How to Follow-Up and Manage Your RSVPs

How to Follow-Up and Manage Your RSVPs

Every wedding invitation you send should include some way for the recipient to RSVP—to respond with a yes or no, and to include information about how many people will be attending your celebration. Unfortunately, not everyone will reply. You’ll have to estimate and assume that a dozen or more extra people may show up without ever responding.

In spite of those that don’t reply, you’ll still have a large quantity of RSVPs to handle during the weeks and months leading up to your wedding. Find out how to follow up and manage all your RSVPs so that the task doesn’t become stressful and overwhelming.

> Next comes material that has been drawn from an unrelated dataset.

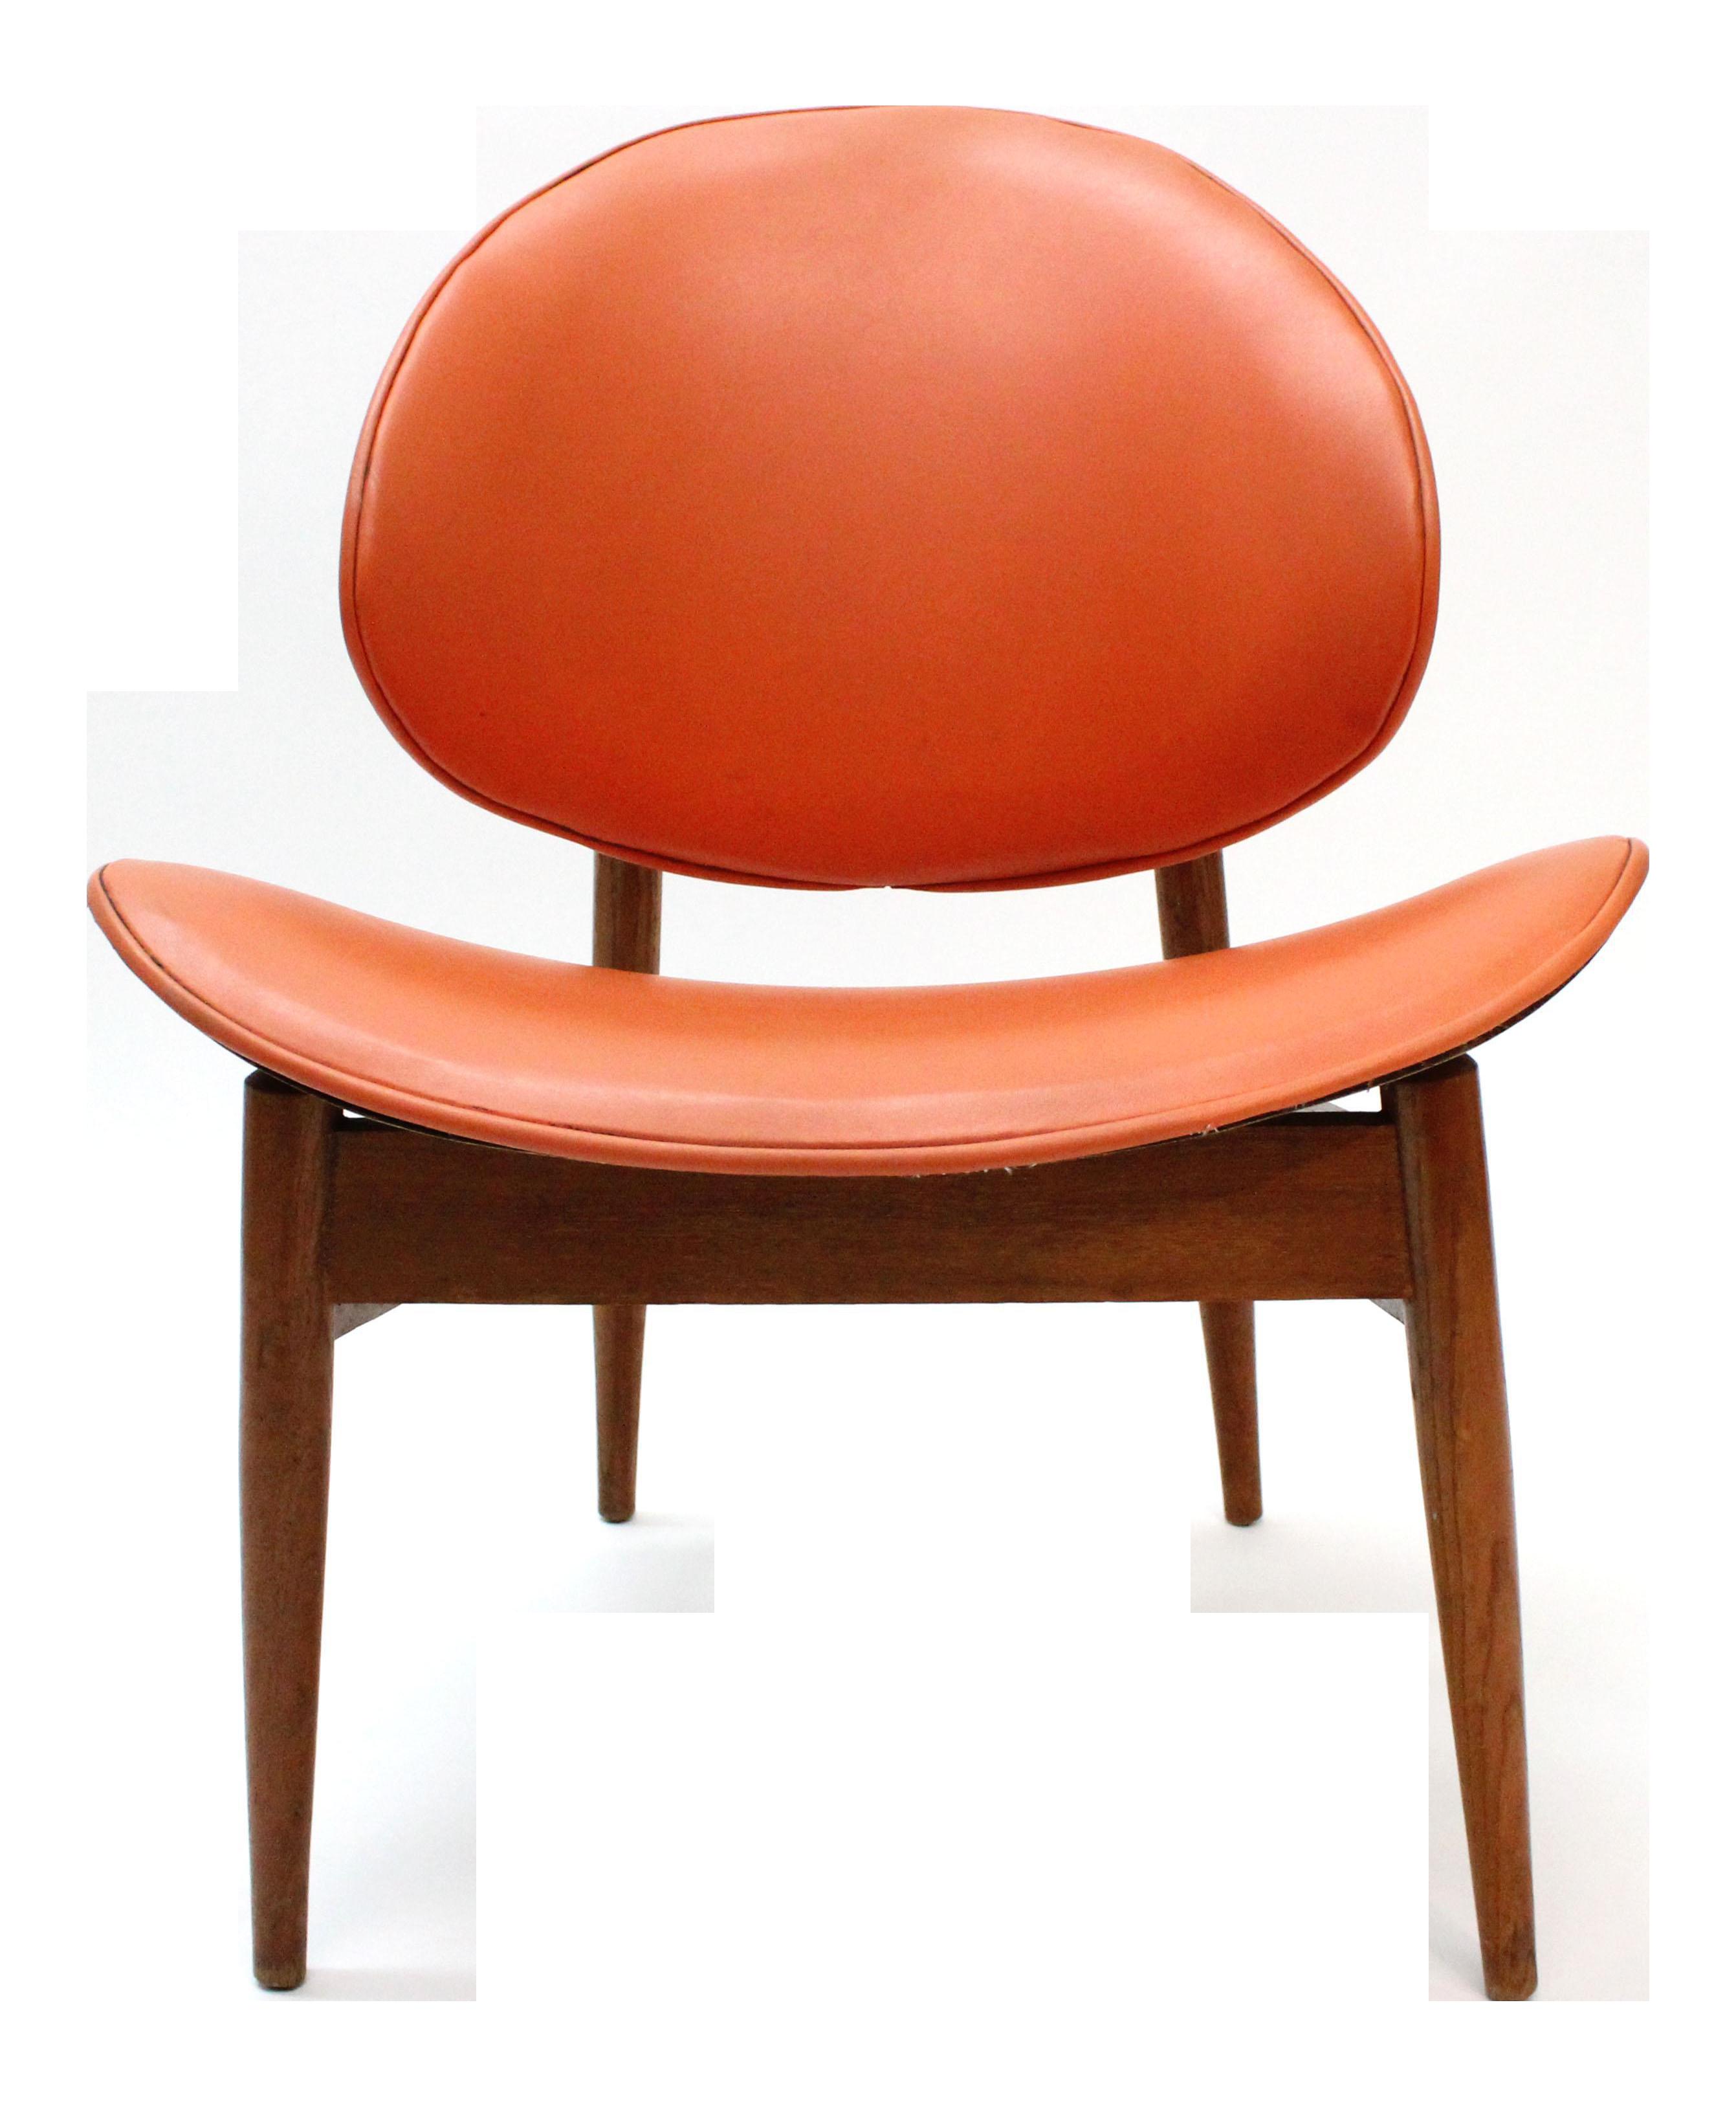 Charming Vintage Seymour James Wiener Kodawood Clam Shell Chair

Make the RSVP Deadline Clear

On the RSVP card, specify a date by which you expect to be notified of the person’s plans. For example, you could say, “Please RSVP by April 10th.” Give your guests enough time to think ahead and make arrangements, usually 3-4 weeks.

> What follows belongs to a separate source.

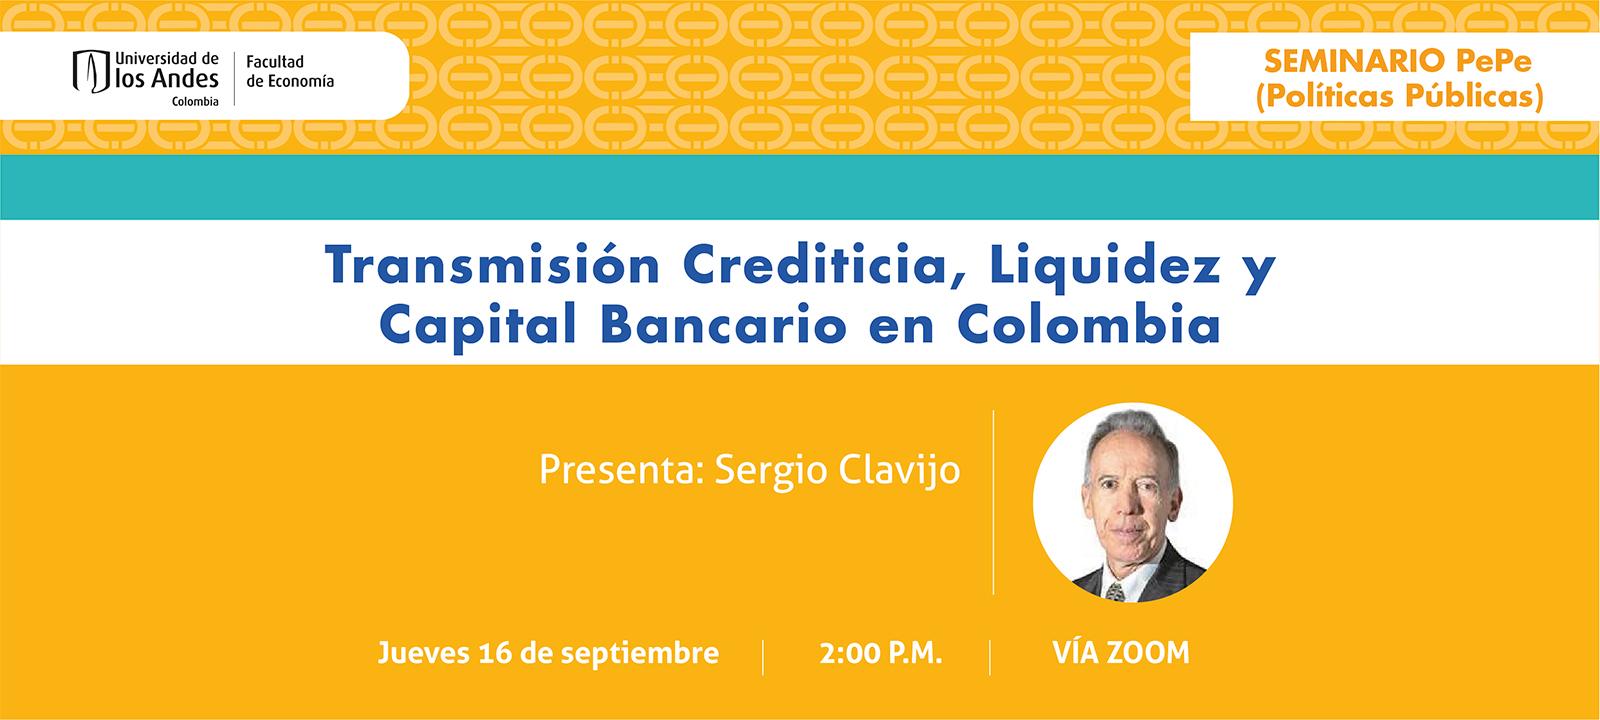 SeminarioPepe-2021-09-16-Sergio-Clavijo.jpg

Be sure to also give yourself a couple of weeks between the RSVP deadline and the wedding. After all, your expected attendance numbers determine venue arrangements, catering headcount, the number of wedding favors, and other significant details.

Use Online RSVPs

To make life easier for yourself and your guests, you could make it possible for them to RSVP via your wedding website or your wedding Facebook page, or through some other online service. This way, your guests don’t have to remember to mail the RSVP card. They can simply go online and quickly let you know whether or not they plan to attend.

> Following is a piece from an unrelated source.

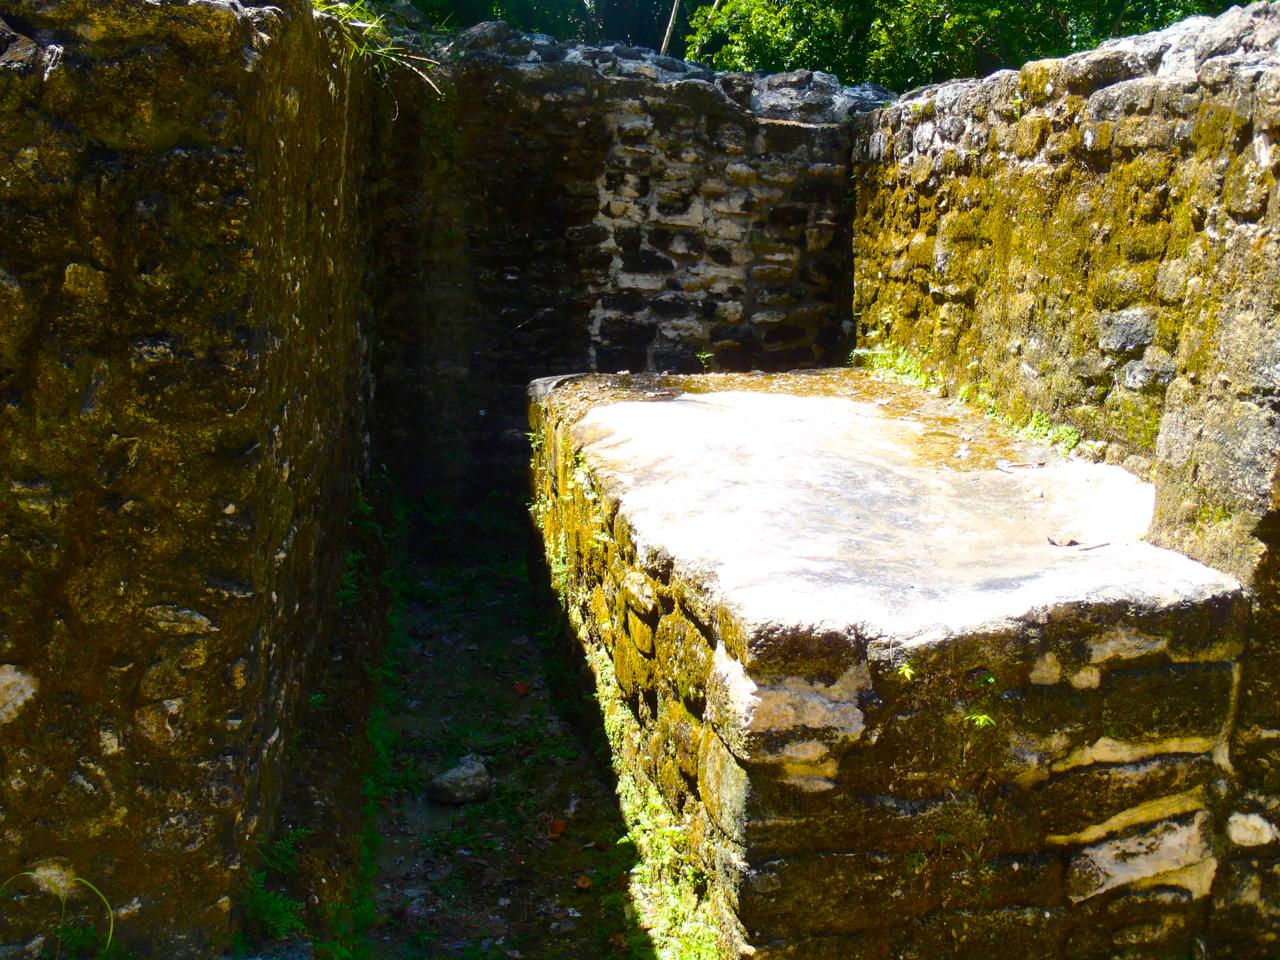 Belize Mainland Tour Lamani Pictures - 19 of 64

With online RSVPs, you can manage emails by creating separate response folders, or by employing the features offered by the website or service you choose to use. Keeping everything online means that no paper responses can be misplaced or damaged.

Assign a Friend to Help with Paper RSVPs

If you want to use paper RSVP cards, have a box or bin where you place them immediately after you receive each one. Instead of handling them all yourself, appoint a trusted friend or relative (perhaps a bridesmaid) to go through them once a week and address any potential issues.

Even if you’re using paper invitations, you need an electronic master list—a spreadsheet or a document in which you (or your appointed RSVP manager) can record all the responses.

Recruit Helpers to Chase Down Non-Responders

If the deadline passes and potential guests still haven’t responded, recruit some friends to help you contact those tardy individuals via email, text, or phone call. You should make contact a day or two after the deadline. If you still cannot reach the person, you can probably assume that he or she isn’t coming to the wedding.

Deal with Problematic RSVPs

If someone writes in extra guests who weren’t invited or includes children on the RSVP note when children aren’t invited, you’ll need to determine whether or not this alteration is worth protesting. If you don’t want to offend the individual and you can handle the extra guests, you may choose to allow it; but in many cases, you may not be able to let it pass. Contact the person and politely clarify that due to space limitations or budget constraints, only those specifically listed on the invitation should attend.